Henrik B. Christensen’s research interests include software architecture, software engineering, pervasive computing, and teaching. As researcher at Centre for Pervasive Healthcare, he has been architect on the ABC framework that experiments with computer support for human activities and collaboration. His research includes conceptual frameworks, architectures, and programmers API’s for activity based computing, proactive discovery of activities, and techniques and tools for engineering of reliable pervasive services.
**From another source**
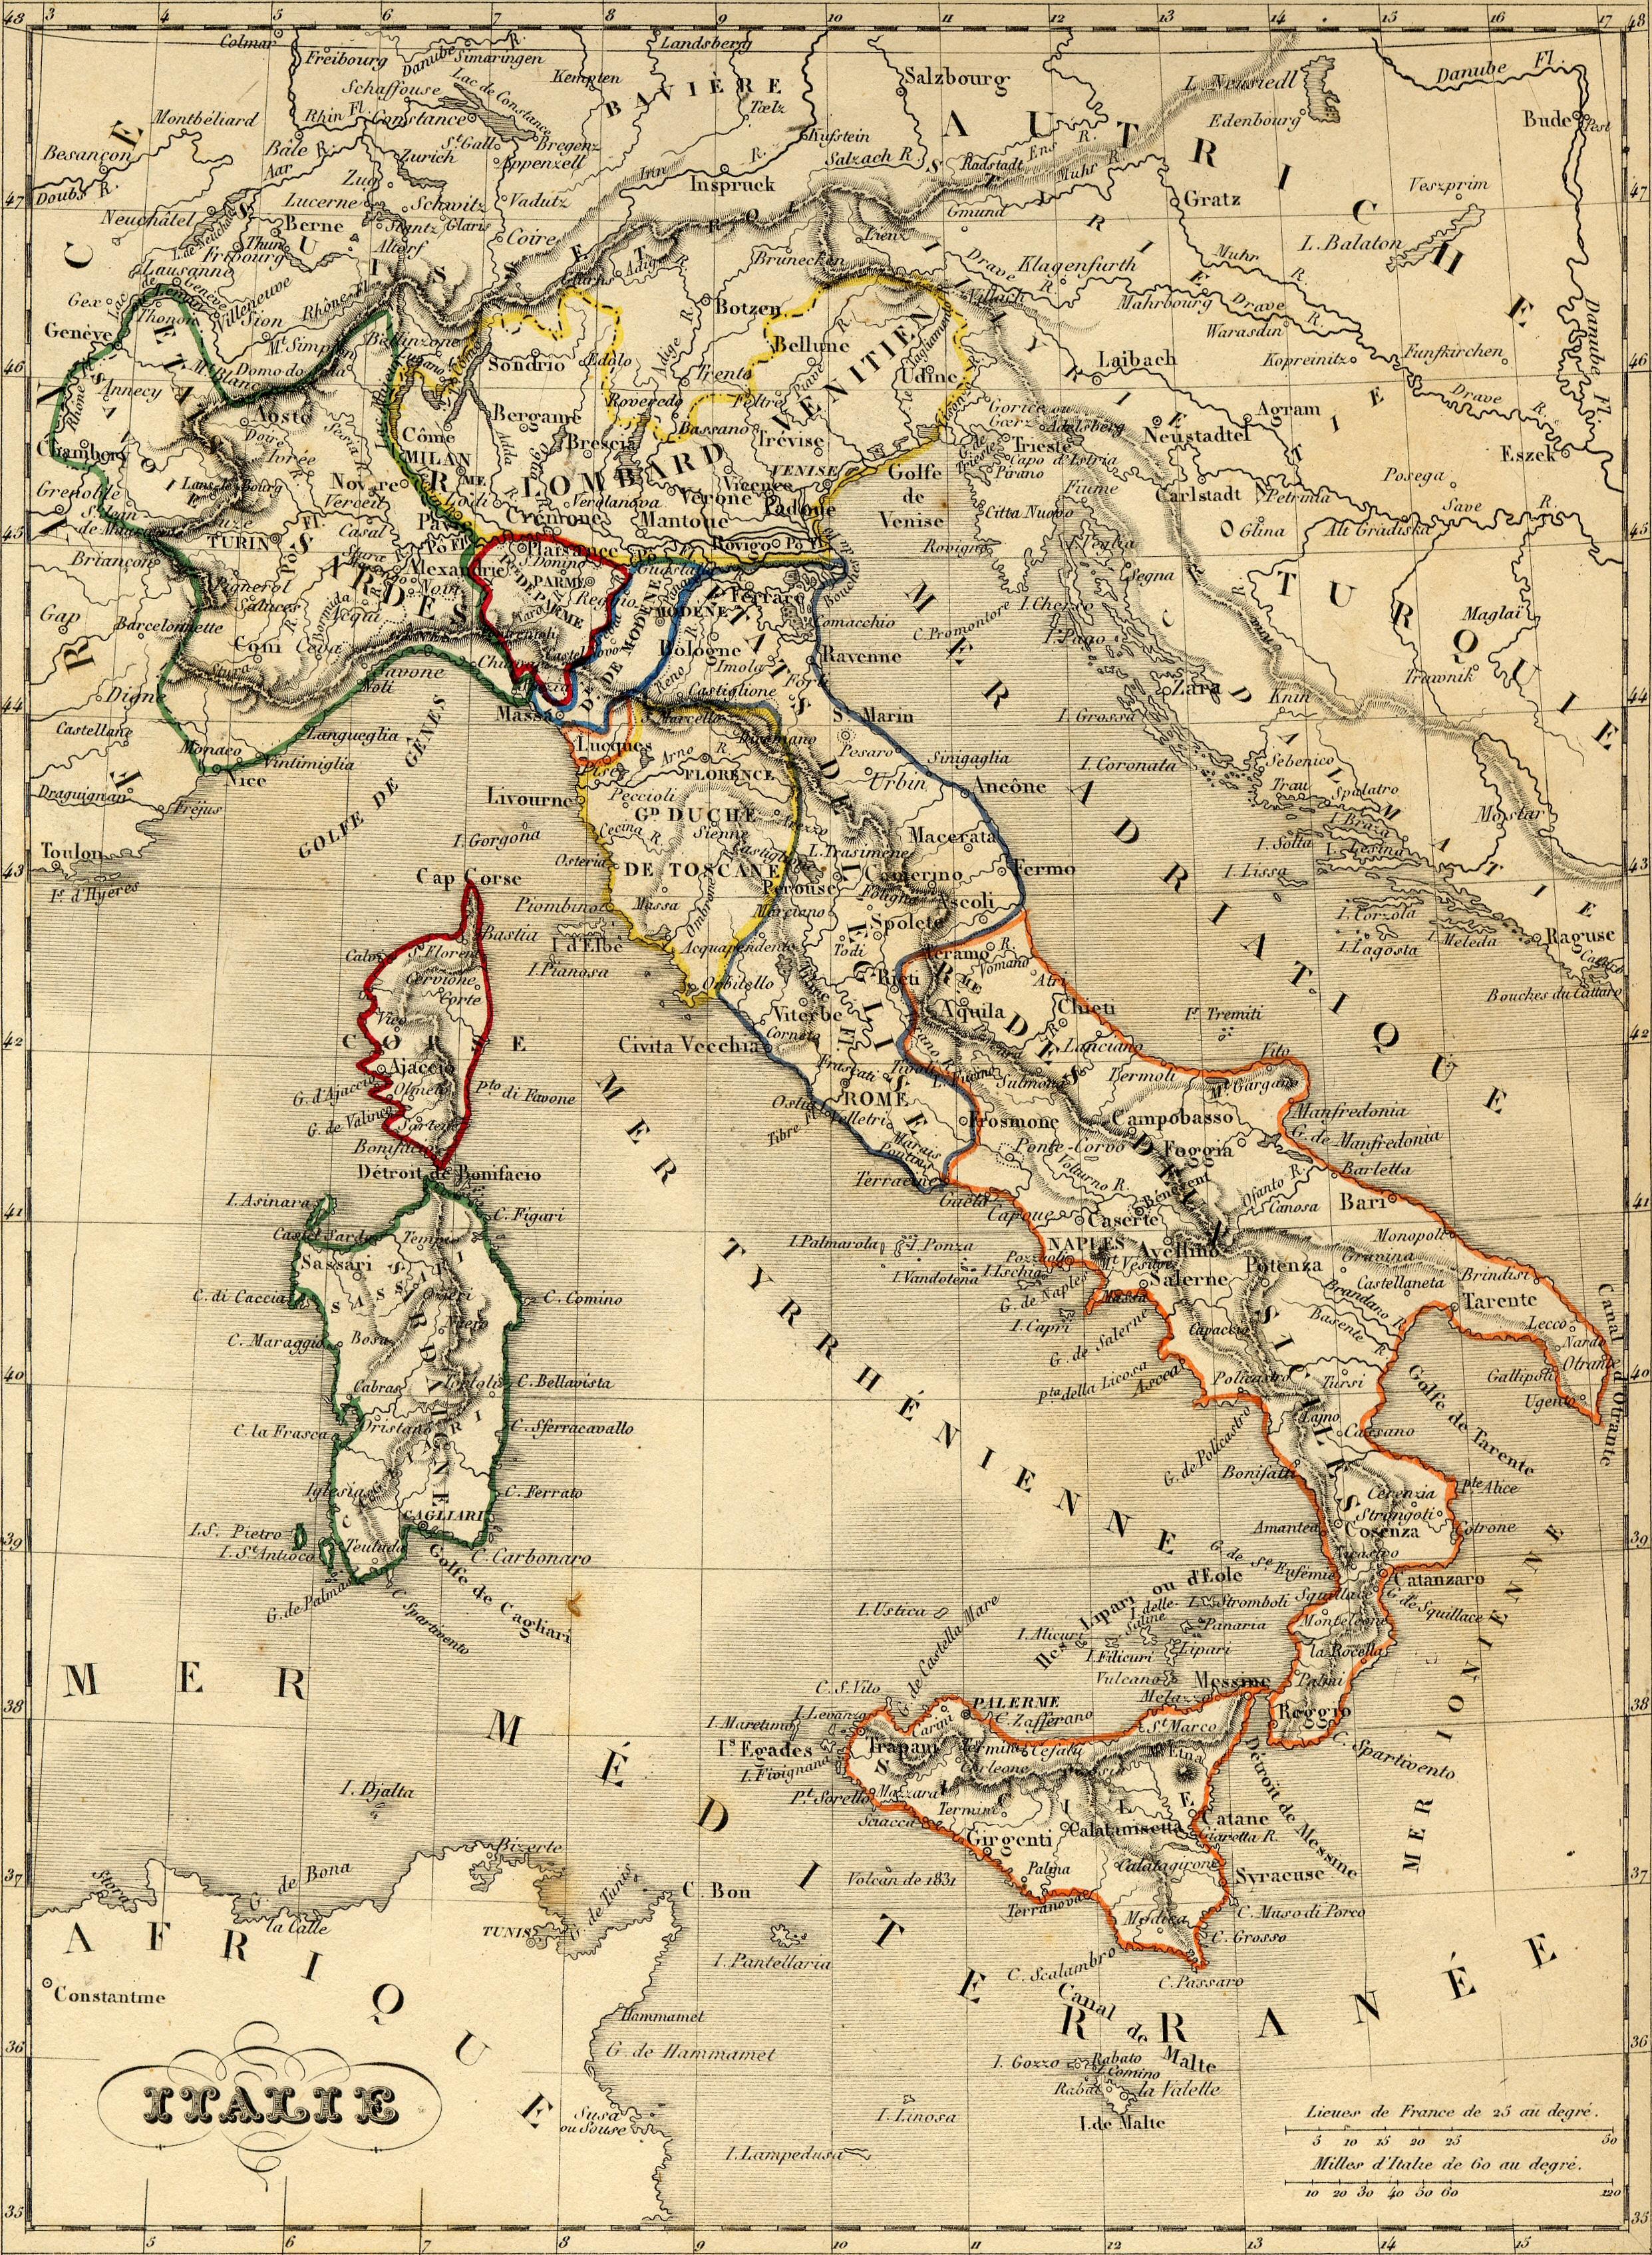 File:Carte italie 1843.jpg - Wikimedia Commons

David Garlan's research interests include software architecture, ubiquitous computing, self-adaptive systems, formal methods, and software development environments. He is a principal investigator on the Project Aura, a large-scale research effort to explore the next generation of system infrastructure in support of pervasive, mobile computing, integrating research in networks, operating systems, software architecture, and user interfaces. He is also a participant in the Radar Project, which is developing highlevel cognitive assistance for computer users, including learning of user preferences and policies, and deep knowledge of specific task domains.

João Pedro Sousa's research interests include ubiquitous computing, self-adaptive systems, and software architecture. He is a researcher at CMU's Project Aura, focusing on the automatic configuration and reconfiguration of computational environments to support human tasks. His research includes modeling user needs and preferences; an architectural framework that supports automatic (re)configuration by enforcing task-specific adaptation policies; and measuring the user's cognitive overhead when using such systems.

REFERENCES
1. H. B. Christensen, J. Bardram. Supporting Human Activities - Exploring Activity-Centered Computing. In G. Borriello and L. E. Holmquist, editors, Proceedings of Ubicomp 2002: Ubiquitous Computing, volume 2498 of Lecture Notes in Computer Science, pages 107–116, Göteborg, Sweden, Sept. 2002. Springer Verlag.
2. D. Garlan, D. P. Siewiorek, A. Smailagic, P. Steenkiste. Project Aura: Toward Distraction-Free Pervasive Computing. IEEE Pervasive Computing, 1(2):22–31, Apr. 2002.